30B Model for Cloud Applications

MiLM2-30B is Xiaomi’s most cutting-edge cloud-based AI model, oriented to perform high-load tasks in even more challenging environments. It has outstanding multitasking processing performance, excellent instruction compliance, profound analysis, and complex application scenarios. Also, for more complex applications, such as Xiaomi’s HyperOS, smart customer service, and the intelligent cockpit in Xiaomi vehicles.

Real-World Applications: Xiaomi’s “Full Ecosystem for People, Cars, and Homes”

Its encompassing series will be very important in a strategy termed “Full Ecosystem for People, Cars, and Homes.” An interconnected, AI-driven experience-MiLM2-will design a way of life for people using Xiaomi high-tech gadgets, starting from smartphones and smart home appliances to cars. Example scenarios might well include:

In Xiaomi Cars: The MiLM2 improves real-time navigation, language translation, and even conversations to make the experience inside the car really comfortable.
In Smart Homes: MiLM2 enhances the IoT devices’ control by facilitating more intuitive voice commands and adapting to the user’s preference responses. In-Mobile: empowering Xiaomi’s Xiaoai assistant with MiLM2 for better claims to execute and contextual understanding of conversation, which became absolutely crucial for making smartphones smarter and the experience even more personal.
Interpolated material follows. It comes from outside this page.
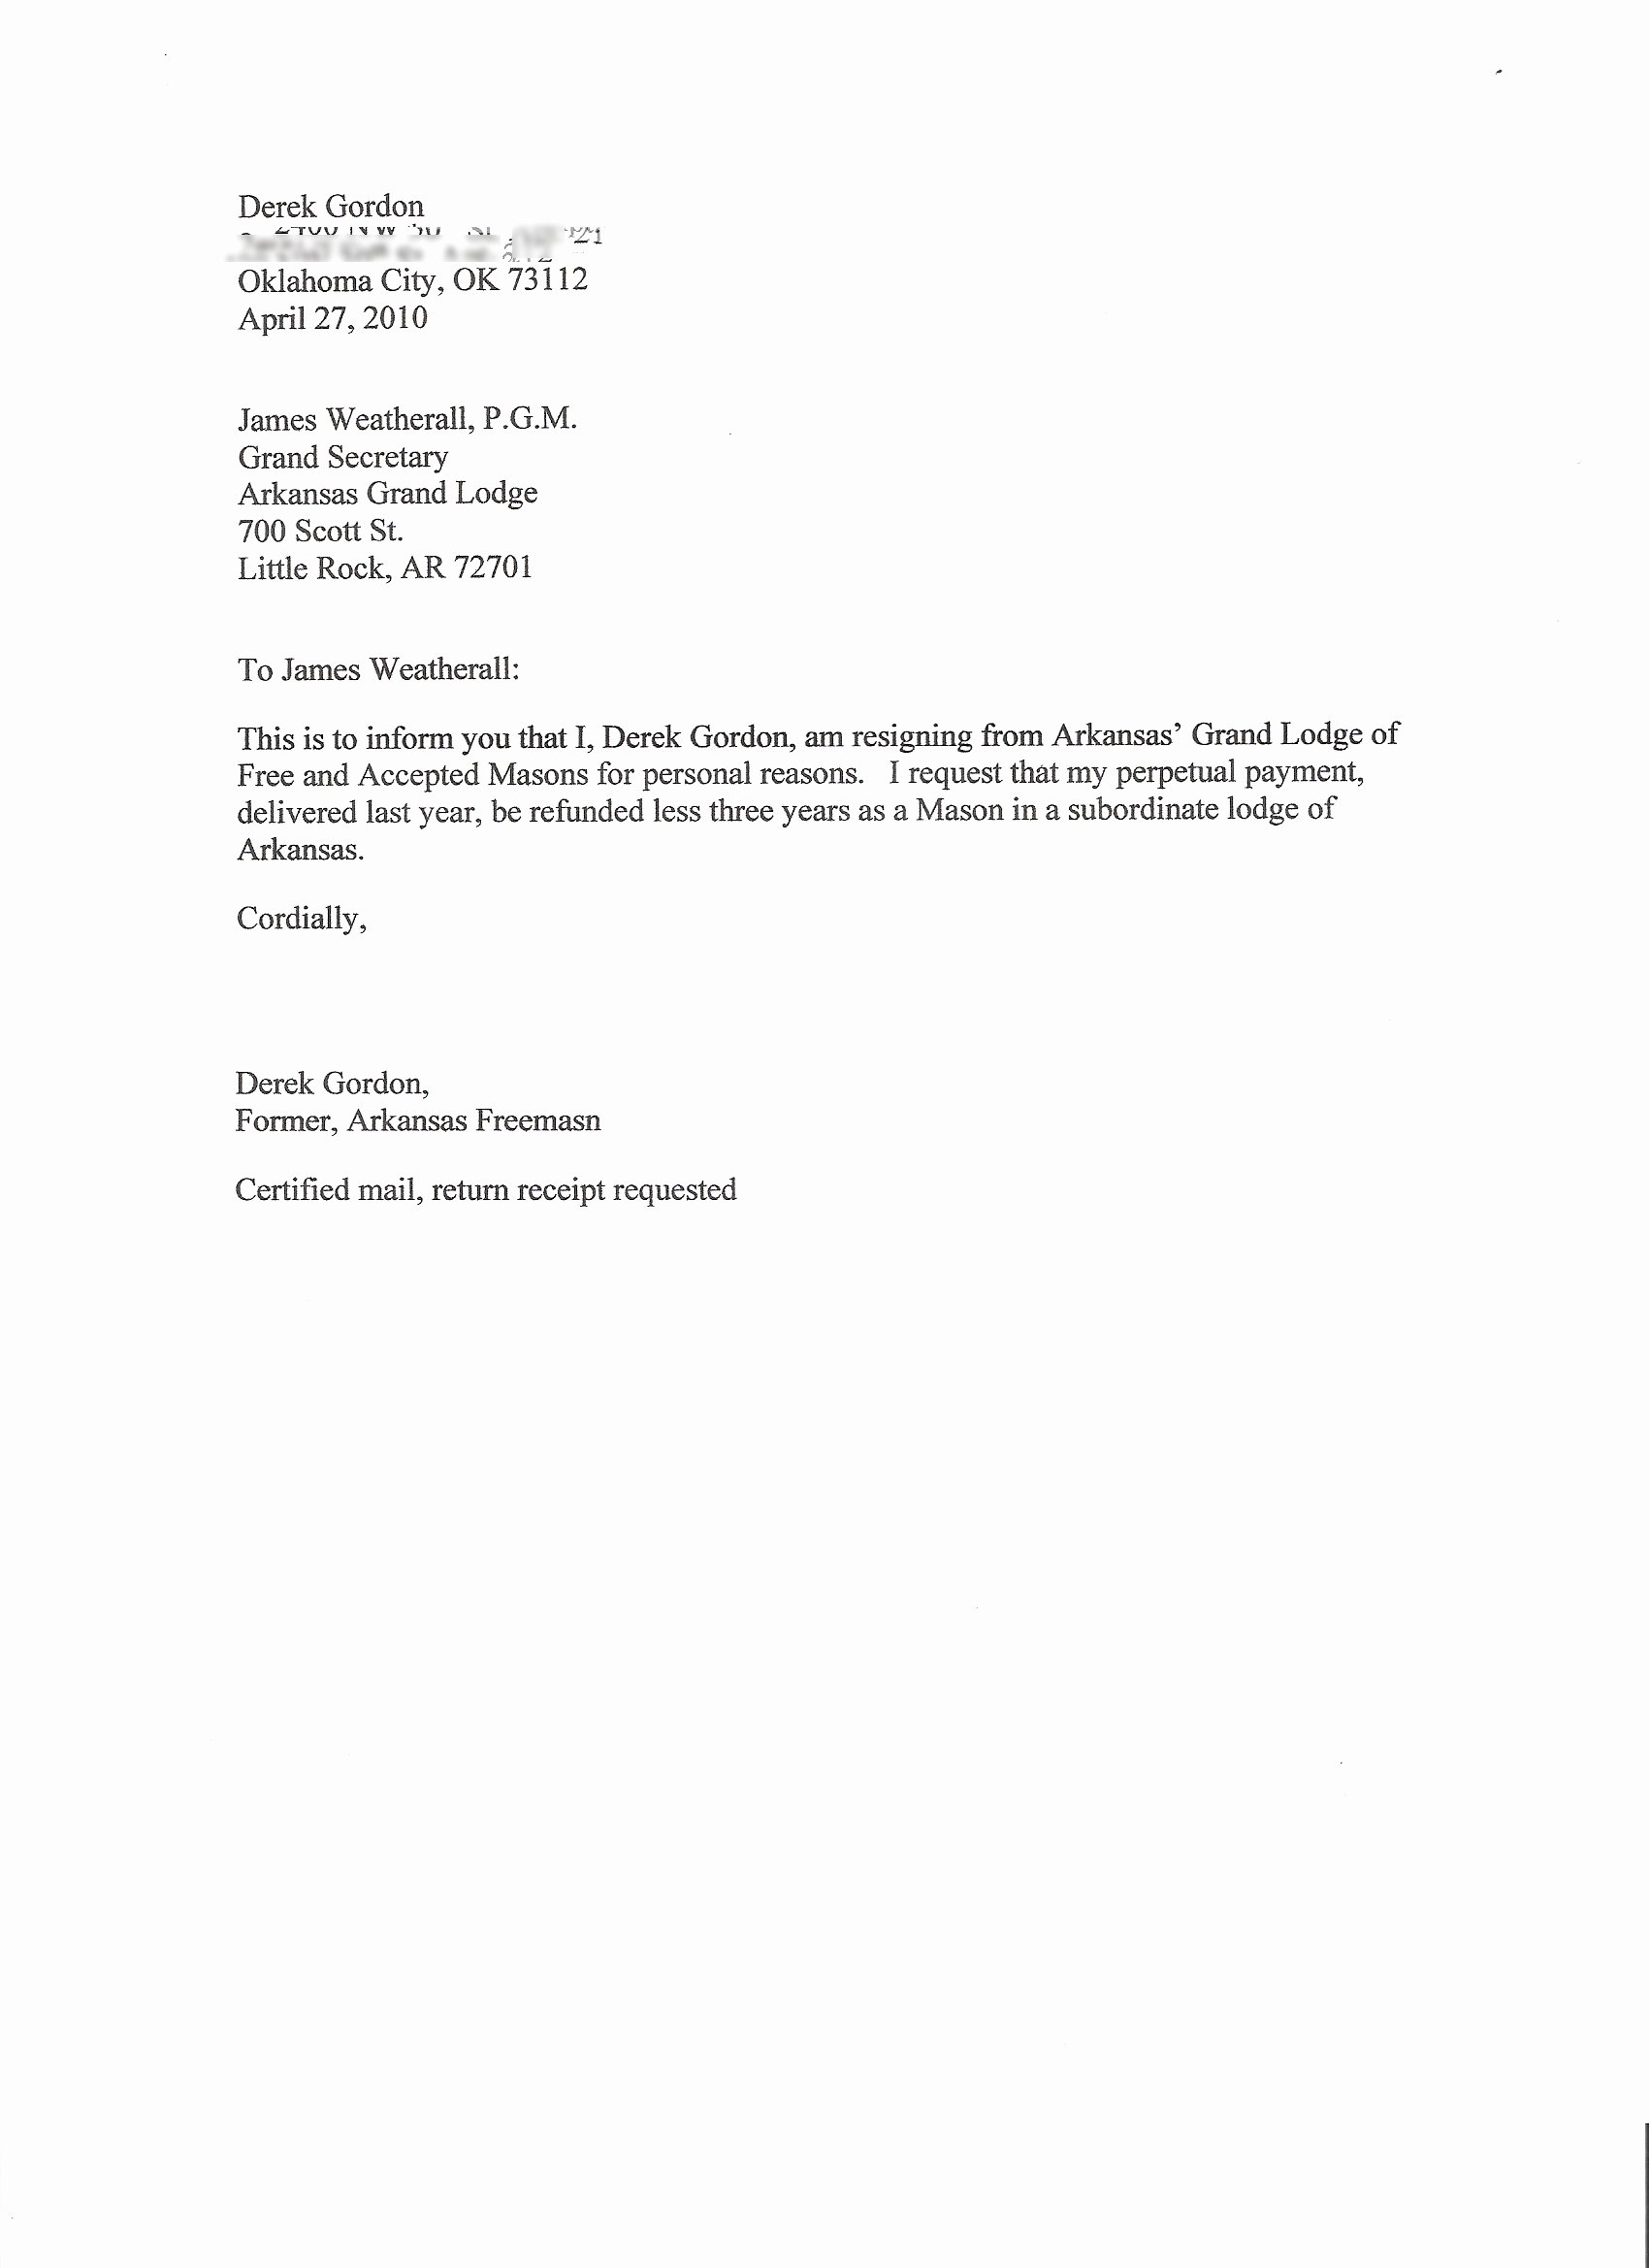 Resignation Letter Sample Template Beautiful Dos and Don’ts for A Resignation Letter

The launch of MiLM2 is a very important milestone in Xiaomi’s AI journey. The second generation makes MiLM2 closer to realizing its vision: seamless interconnectivity throughout an intelligent ecosystem, which caters to all walks of life. Positioning MiLM2 for a broader and much stronger parameter set, inference capability, and model deployment will continue setting new standards for consumer electronics AI. Therefore, MiLM2 will be one of the grounds for further development in the field of artificial intelligence since Xiaomi proceeds with its strategy aimed at the radical creation of a super-intelligent ecosystem where people, automobiles, and homes will be organically integrated. MiLM2 opens another decade of smart life and confirms that Xiaomi does not stop in its development to move the frames of AI technology.